Retype every record exactly as it appears.

▶ _DATA IN THIS EXERCISE_:
▬▬▬▬▬▬
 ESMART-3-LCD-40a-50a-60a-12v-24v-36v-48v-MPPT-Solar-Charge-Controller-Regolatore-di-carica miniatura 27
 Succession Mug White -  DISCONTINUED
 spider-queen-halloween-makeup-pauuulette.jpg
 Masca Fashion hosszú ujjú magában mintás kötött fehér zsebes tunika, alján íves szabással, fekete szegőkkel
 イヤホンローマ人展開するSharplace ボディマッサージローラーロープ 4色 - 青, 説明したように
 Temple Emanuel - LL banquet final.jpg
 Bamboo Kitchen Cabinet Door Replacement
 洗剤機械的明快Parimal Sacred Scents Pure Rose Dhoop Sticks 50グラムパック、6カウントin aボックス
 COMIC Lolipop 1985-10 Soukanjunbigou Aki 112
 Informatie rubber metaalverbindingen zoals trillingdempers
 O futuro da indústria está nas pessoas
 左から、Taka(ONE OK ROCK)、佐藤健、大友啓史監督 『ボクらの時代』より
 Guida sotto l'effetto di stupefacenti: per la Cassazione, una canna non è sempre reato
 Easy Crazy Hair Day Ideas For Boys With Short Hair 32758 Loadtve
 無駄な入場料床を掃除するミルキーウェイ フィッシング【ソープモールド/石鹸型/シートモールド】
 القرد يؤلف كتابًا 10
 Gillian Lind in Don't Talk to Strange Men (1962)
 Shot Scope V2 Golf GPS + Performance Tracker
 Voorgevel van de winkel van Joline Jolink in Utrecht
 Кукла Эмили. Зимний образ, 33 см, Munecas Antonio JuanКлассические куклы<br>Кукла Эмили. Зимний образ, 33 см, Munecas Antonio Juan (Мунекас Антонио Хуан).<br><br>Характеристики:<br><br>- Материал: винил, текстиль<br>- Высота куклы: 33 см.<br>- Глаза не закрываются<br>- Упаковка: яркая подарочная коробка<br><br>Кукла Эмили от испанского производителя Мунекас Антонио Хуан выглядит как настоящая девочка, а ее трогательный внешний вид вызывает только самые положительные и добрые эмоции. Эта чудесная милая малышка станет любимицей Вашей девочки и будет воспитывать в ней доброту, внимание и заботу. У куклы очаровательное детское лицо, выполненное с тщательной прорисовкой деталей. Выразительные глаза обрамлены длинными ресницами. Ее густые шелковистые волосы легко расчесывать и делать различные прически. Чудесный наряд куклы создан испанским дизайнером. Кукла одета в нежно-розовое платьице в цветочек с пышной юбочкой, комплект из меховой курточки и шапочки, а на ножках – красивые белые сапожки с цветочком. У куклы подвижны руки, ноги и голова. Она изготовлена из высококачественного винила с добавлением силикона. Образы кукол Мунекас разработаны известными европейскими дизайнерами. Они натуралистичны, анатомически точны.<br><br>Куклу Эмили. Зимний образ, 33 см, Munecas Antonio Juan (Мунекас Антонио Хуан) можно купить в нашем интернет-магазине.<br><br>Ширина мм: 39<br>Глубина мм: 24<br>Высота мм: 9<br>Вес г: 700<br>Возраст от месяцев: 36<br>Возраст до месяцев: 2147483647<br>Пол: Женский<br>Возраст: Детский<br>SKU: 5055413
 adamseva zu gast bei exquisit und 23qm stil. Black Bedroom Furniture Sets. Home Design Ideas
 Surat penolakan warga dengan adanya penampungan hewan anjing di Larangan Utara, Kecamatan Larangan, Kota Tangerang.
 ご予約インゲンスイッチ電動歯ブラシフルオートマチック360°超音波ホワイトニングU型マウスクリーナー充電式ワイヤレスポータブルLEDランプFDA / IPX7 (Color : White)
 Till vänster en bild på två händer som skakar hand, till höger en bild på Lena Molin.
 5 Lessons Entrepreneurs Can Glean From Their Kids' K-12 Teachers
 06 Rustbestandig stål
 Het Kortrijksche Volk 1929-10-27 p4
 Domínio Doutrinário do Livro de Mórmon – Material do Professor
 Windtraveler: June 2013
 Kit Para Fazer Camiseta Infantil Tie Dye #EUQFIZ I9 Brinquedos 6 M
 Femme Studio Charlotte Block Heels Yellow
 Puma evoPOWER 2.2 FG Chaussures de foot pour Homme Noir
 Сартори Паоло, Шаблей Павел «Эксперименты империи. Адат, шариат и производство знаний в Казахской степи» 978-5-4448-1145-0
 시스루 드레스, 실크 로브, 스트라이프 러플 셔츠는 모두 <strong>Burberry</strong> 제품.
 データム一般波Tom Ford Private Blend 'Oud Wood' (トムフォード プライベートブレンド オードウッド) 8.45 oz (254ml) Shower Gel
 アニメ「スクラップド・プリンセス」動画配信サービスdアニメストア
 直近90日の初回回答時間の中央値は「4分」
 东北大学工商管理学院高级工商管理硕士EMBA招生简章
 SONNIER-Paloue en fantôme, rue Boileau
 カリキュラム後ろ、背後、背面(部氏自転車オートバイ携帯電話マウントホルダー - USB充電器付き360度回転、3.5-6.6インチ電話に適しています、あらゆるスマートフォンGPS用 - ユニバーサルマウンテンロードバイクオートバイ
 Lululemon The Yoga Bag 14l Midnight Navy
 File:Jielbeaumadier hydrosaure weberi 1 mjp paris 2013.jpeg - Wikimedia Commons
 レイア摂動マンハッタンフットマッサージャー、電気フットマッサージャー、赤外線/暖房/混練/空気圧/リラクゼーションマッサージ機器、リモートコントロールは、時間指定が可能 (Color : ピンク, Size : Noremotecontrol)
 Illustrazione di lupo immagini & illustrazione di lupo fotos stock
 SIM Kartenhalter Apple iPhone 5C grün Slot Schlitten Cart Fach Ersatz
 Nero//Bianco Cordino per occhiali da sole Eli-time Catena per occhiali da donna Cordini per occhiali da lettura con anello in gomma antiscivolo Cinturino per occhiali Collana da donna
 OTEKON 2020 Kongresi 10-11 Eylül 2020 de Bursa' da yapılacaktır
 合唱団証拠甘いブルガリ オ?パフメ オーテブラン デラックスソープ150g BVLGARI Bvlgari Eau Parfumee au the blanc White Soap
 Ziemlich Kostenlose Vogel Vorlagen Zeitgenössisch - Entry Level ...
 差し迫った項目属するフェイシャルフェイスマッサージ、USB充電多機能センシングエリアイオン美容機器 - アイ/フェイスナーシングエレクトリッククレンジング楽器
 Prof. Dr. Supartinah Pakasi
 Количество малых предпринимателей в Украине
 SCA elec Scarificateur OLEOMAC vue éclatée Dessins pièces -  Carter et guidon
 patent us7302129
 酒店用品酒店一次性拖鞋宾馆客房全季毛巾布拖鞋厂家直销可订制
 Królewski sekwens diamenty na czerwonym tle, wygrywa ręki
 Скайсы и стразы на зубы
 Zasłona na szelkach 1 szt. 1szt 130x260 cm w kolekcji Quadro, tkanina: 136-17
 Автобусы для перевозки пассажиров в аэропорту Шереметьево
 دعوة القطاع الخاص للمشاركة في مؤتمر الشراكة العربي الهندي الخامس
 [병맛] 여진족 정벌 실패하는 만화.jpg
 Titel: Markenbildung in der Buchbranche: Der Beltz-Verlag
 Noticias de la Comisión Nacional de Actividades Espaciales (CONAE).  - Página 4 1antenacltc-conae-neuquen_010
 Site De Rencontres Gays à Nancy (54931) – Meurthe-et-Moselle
▬▬▬▬▬▬
▶ _EXERCISE ANSWER_:
 ESMART-3-LCD-40a-50a-60a-12v-24v-36v-48v-MPPT-Solar-Charge-Controller-Regolatore-di-carica miniatura 27
 Succession Mug White -  DISCONTINUED
 spider-queen-halloween-makeup-pauuulette.jpg
 Masca Fashion hosszú ujjú magában mintás kötött fehér zsebes tunika, alján íves szabással, fekete szegőkkel
 イヤホンローマ人展開するSharplace ボディマッサージローラーロープ 4色 - 青, 説明したように
 Temple Emanuel - LL banquet final.jpg
 Bamboo Kitchen Cabinet Door Replacement
 洗剤機械的明快Parimal Sacred Scents Pure Rose Dhoop Sticks 50グラムパック、6カウントin aボックス
 COMIC Lolipop 1985-10 Soukanjunbigou Aki 112
 Informatie rubber metaalverbindingen zoals trillingdempers
 O futuro da indústria está nas pessoas
 左から、Taka(ONE OK ROCK)、佐藤健、大友啓史監督 『ボクらの時代』より
 Guida sotto l'effetto di stupefacenti: per la Cassazione, una canna non è sempre reato
 Easy Crazy Hair Day Ideas For Boys With Short Hair 32758 Loadtve
 無駄な入場料床を掃除するミルキーウェイ フィッシング【ソープモールド/石鹸型/シートモールド】
 القرد يؤلف كتابًا 10
 Gillian Lind in Don't Talk to Strange Men (1962)
 Shot Scope V2 Golf GPS + Performance Tracker
 Voorgevel van de winkel van Joline Jolink in Utrecht
 Кукла Эмили. Зимний образ, 33 см, Munecas Antonio JuanКлассические куклы<br>Кукла Эмили. Зимний образ, 33 см, Munecas Antonio Juan (Мунекас Антонио Хуан).<br><br>Характеристики:<br><br>- Материал: винил, текстиль<br>- Высота куклы: 33 см.<br>- Глаза не закрываются<br>- Упаковка: яркая подарочная коробка<br><br>Кукла Эмили от испанского производителя Мунекас Антонио Хуан выглядит как настоящая девочка, а ее трогательный внешний вид вызывает только самые положительные и добрые эмоции. Эта чудесная милая малышка станет любимицей Вашей девочки и будет воспитывать в ней доброту, внимание и заботу. У куклы очаровательное детское лицо, выполненное с тщательной прорисовкой деталей. Выразительные глаза обрамлены длинными ресницами. Ее густые шелковистые волосы легко расчесывать и делать различные прически. Чудесный наряд куклы создан испанским дизайнером. Кукла одета в нежно-розовое платьице в цветочек с пышной юбочкой, комплект из меховой курточки и шапочки, а на ножках – красивые белые сапожки с цветочком. У куклы подвижны руки, ноги и голова. Она изготовлена из высококачественного винила с добавлением силикона. Образы кукол Мунекас разработаны известными европейскими дизайнерами. Они натуралистичны, анатомически точны.<br><br>Куклу Эмили. Зимний образ, 33 см, Munecas Antonio Juan (Мунекас Антонио Хуан) можно купить в нашем интернет-магазине.<br><br>Ширина мм: 39<br>Глубина мм: 24<br>Высота мм: 9<br>Вес г: 700<br>Возраст от месяцев: 36<br>Возраст до месяцев: 2147483647<br>Пол: Женский<br>Возраст: Детский<br>SKU: 5055413
 adamseva zu gast bei exquisit und 23qm stil. Black Bedroom Furniture Sets. Home Design Ideas
 Surat penolakan warga dengan adanya penampungan hewan anjing di Larangan Utara, Kecamatan Larangan, Kota Tangerang.
 ご予約インゲンスイッチ電動歯ブラシフルオートマチック360°超音波ホワイトニングU型マウスクリーナー充電式ワイヤレスポータブルLEDランプFDA / IPX7 (Color : White)
 Till vänster en bild på två händer som skakar hand, till höger en bild på Lena Molin.
 5 Lessons Entrepreneurs Can Glean From Their Kids' K-12 Teachers
 06 Rustbestandig stål
 Het Kortrijksche Volk 1929-10-27 p4
 Domínio Doutrinário do Livro de Mórmon – Material do Professor
 Windtraveler: June 2013
 Kit Para Fazer Camiseta Infantil Tie Dye #EUQFIZ I9 Brinquedos 6 M
 Femme Studio Charlotte Block Heels Yellow
 Puma evoPOWER 2.2 FG Chaussures de foot pour Homme Noir
 Сартори Паоло, Шаблей Павел «Эксперименты империи. Адат, шариат и производство знаний в Казахской степи» 978-5-4448-1145-0
 시스루 드레스, 실크 로브, 스트라이프 러플 셔츠는 모두 <strong>Burberry</strong> 제품.
 データム一般波Tom Ford Private Blend 'Oud Wood' (トムフォード プライベートブレンド オードウッド) 8.45 oz (254ml) Shower Gel
 アニメ「スクラップド・プリンセス」動画配信サービスdアニメストア
 直近90日の初回回答時間の中央値は「4分」
 东北大学工商管理学院高级工商管理硕士EMBA招生简章
 SONNIER-Paloue en fantôme, rue Boileau
 カリキュラム後ろ、背後、背面(部氏自転車オートバイ携帯電話マウントホルダー - USB充電器付き360度回転、3.5-6.6インチ電話に適しています、あらゆるスマートフォンGPS用 - ユニバーサルマウンテンロードバイクオートバイ
 Lululemon The Yoga Bag 14l Midnight Navy
 File:Jielbeaumadier hydrosaure weberi 1 mjp paris 2013.jpeg - Wikimedia Commons
 レイア摂動マンハッタンフットマッサージャー、電気フットマッサージャー、赤外線/暖房/混練/空気圧/リラクゼーションマッサージ機器、リモートコントロールは、時間指定が可能 (Color : ピンク, Size : Noremotecontrol)
 Illustrazione di lupo immagini & illustrazione di lupo fotos stock
 SIM Kartenhalter Apple iPhone 5C grün Slot Schlitten Cart Fach Ersatz
 Nero//Bianco Cordino per occhiali da sole Eli-time Catena per occhiali da donna Cordini per occhiali da lettura con anello in gomma antiscivolo Cinturino per occhiali Collana da donna
 OTEKON 2020 Kongresi 10-11 Eylül 2020 de Bursa' da yapılacaktır
 合唱団証拠甘いブルガリ オ?パフメ オーテブラン デラックスソープ150g BVLGARI Bvlgari Eau Parfumee au the blanc White Soap
 Ziemlich Kostenlose Vogel Vorlagen Zeitgenössisch - Entry Level ...
 差し迫った項目属するフェイシャルフェイスマッサージ、USB充電多機能センシングエリアイオン美容機器 - アイ/フェイスナーシングエレクトリッククレンジング楽器
 Prof. Dr. Supartinah Pakasi
 Количество малых предпринимателей в Украине
 SCA elec Scarificateur OLEOMAC vue éclatée Dessins pièces -  Carter et guidon
 patent us7302129
 酒店用品酒店一次性拖鞋宾馆客房全季毛巾布拖鞋厂家直销可订制
 Królewski sekwens diamenty na czerwonym tle, wygrywa ręki
 Скайсы и стразы на зубы
 Zasłona na szelkach 1 szt. 1szt 130x260 cm w kolekcji Quadro, tkanina: 136-17
 Автобусы для перевозки пассажиров в аэропорту Шереметьево
 دعوة القطاع الخاص للمشاركة في مؤتمر الشراكة العربي الهندي الخامس
 [병맛] 여진족 정벌 실패하는 만화.jpg
 Titel: Markenbildung in der Buchbranche: Der Beltz-Verlag
 Noticias de la Comisión Nacional de Actividades Espaciales (CONAE).  - Página 4 1antenacltc-conae-neuquen_010
 Site De Rencontres Gays à Nancy (54931) – Meurthe-et-Moselle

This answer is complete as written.